I really feel like a lot of the people objecting in this thread are people who have just written web apps in Python whose closest experience with the audio-visual space is WebRTC.

Tech for cars is “standard-sized”. Not everything revolves around datacenters and tech, the car industry easily predates the computer industry and operates on a lot tighter margins and a lot stricter regulations.

So having a smaller, simpler chip that ultimately costs less physical resources at scale and is simpler to test is better when you’re planning on selling millions of units and you need to prove that it isn’t going to fail and kill somebody. Or, if it does fail and kill somebody, it’s simpler to analyze to figure out why that happened. You’ve also got to worry about failure rates for things like a separate RAM module not being seated properly at the factory and slipping out of the socket someday when the car is moving around.

Now - yes, modern cars have gotten more complex, and are more likely to run some software using Linux rather than an RTOS or asic. But the original complaint was that a backup camera adds non-negligible complexity / cost.
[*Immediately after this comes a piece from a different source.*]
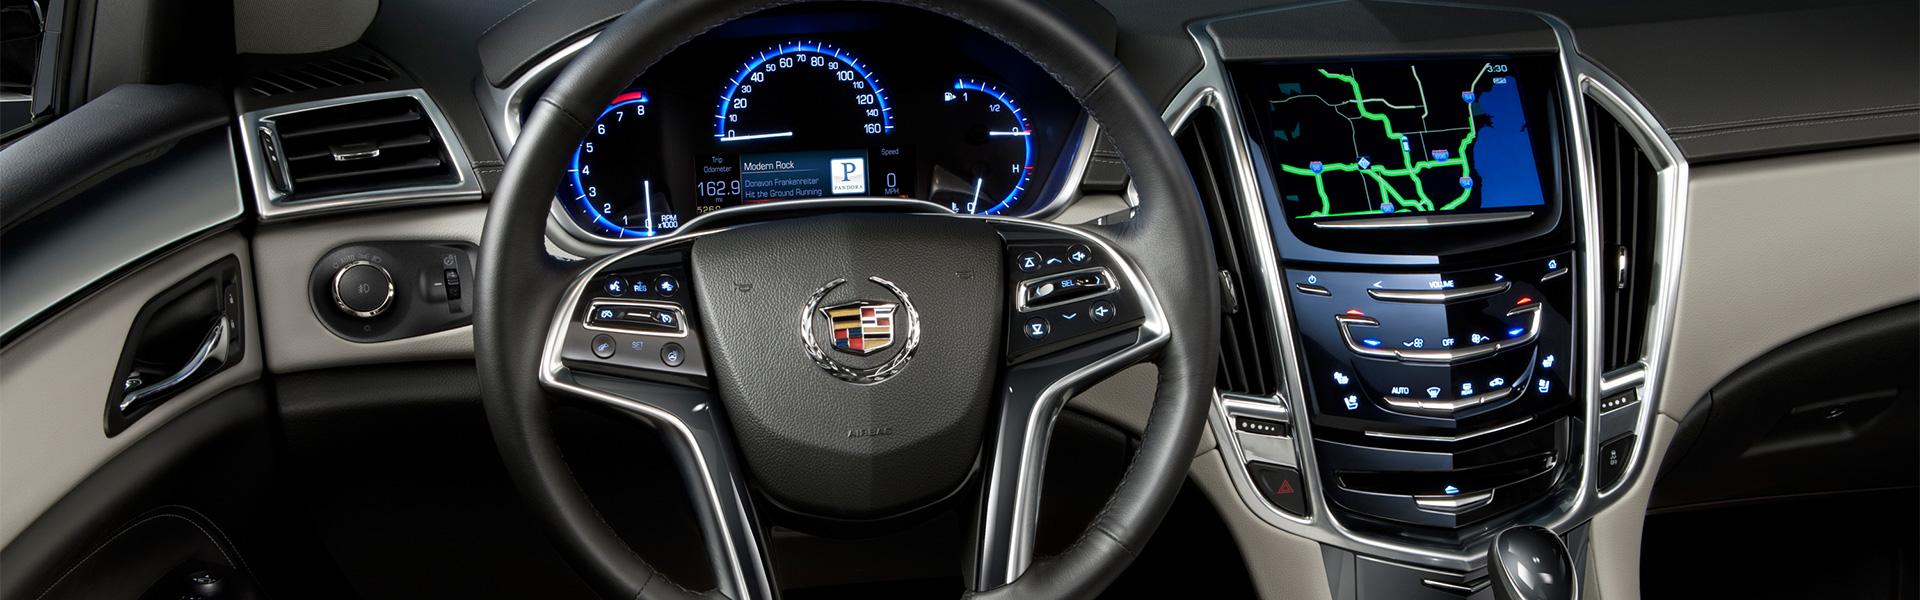 Cadillac srx005
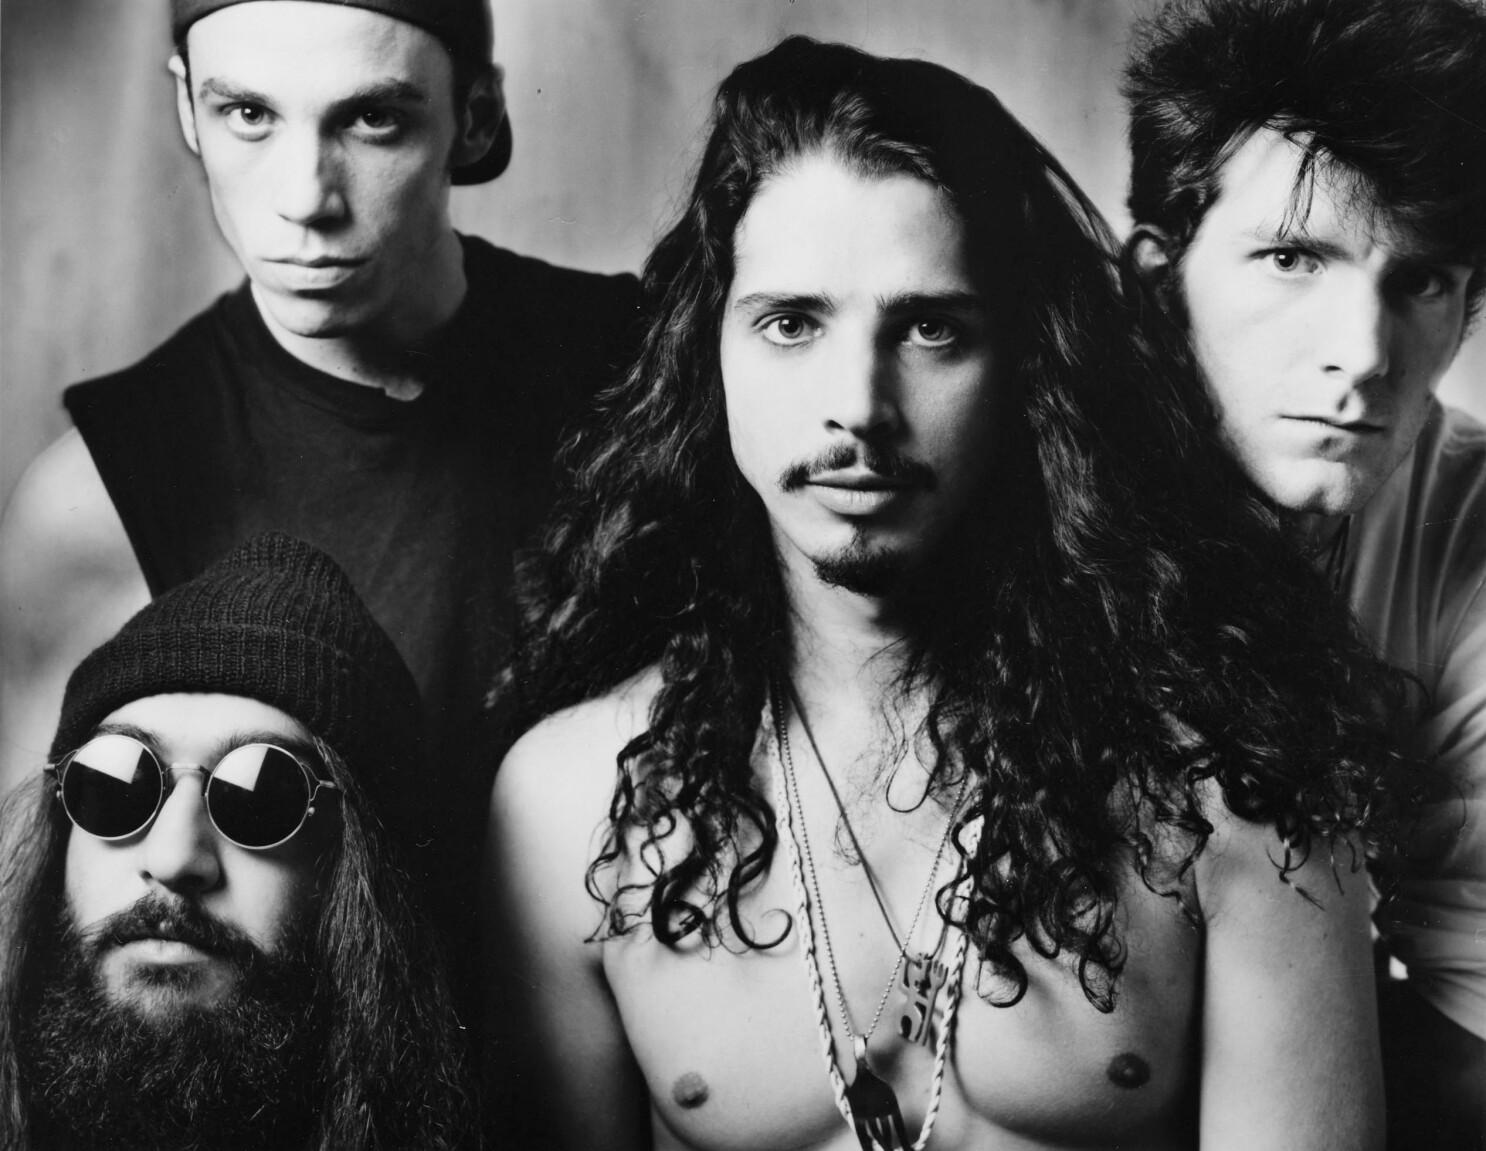 Soundgarden, Judas Priest, Whitney Houston, Notorious B.I.G. among 2020 Rock Hall of Fame nominees

For a budget car where that would even make sense, that means you’re expecting to sell at high volume and basically nothing else requires electronics. So sourcing 1GB RAM chips and a motherboard that you can slot them in would be complete overkill and probably a regulatory nightmare, when you could just buy an off-the-shelf industrial-grade microcontroller package that gets fabbed en masse, dozens or hundreds of units to a single silicon wafer.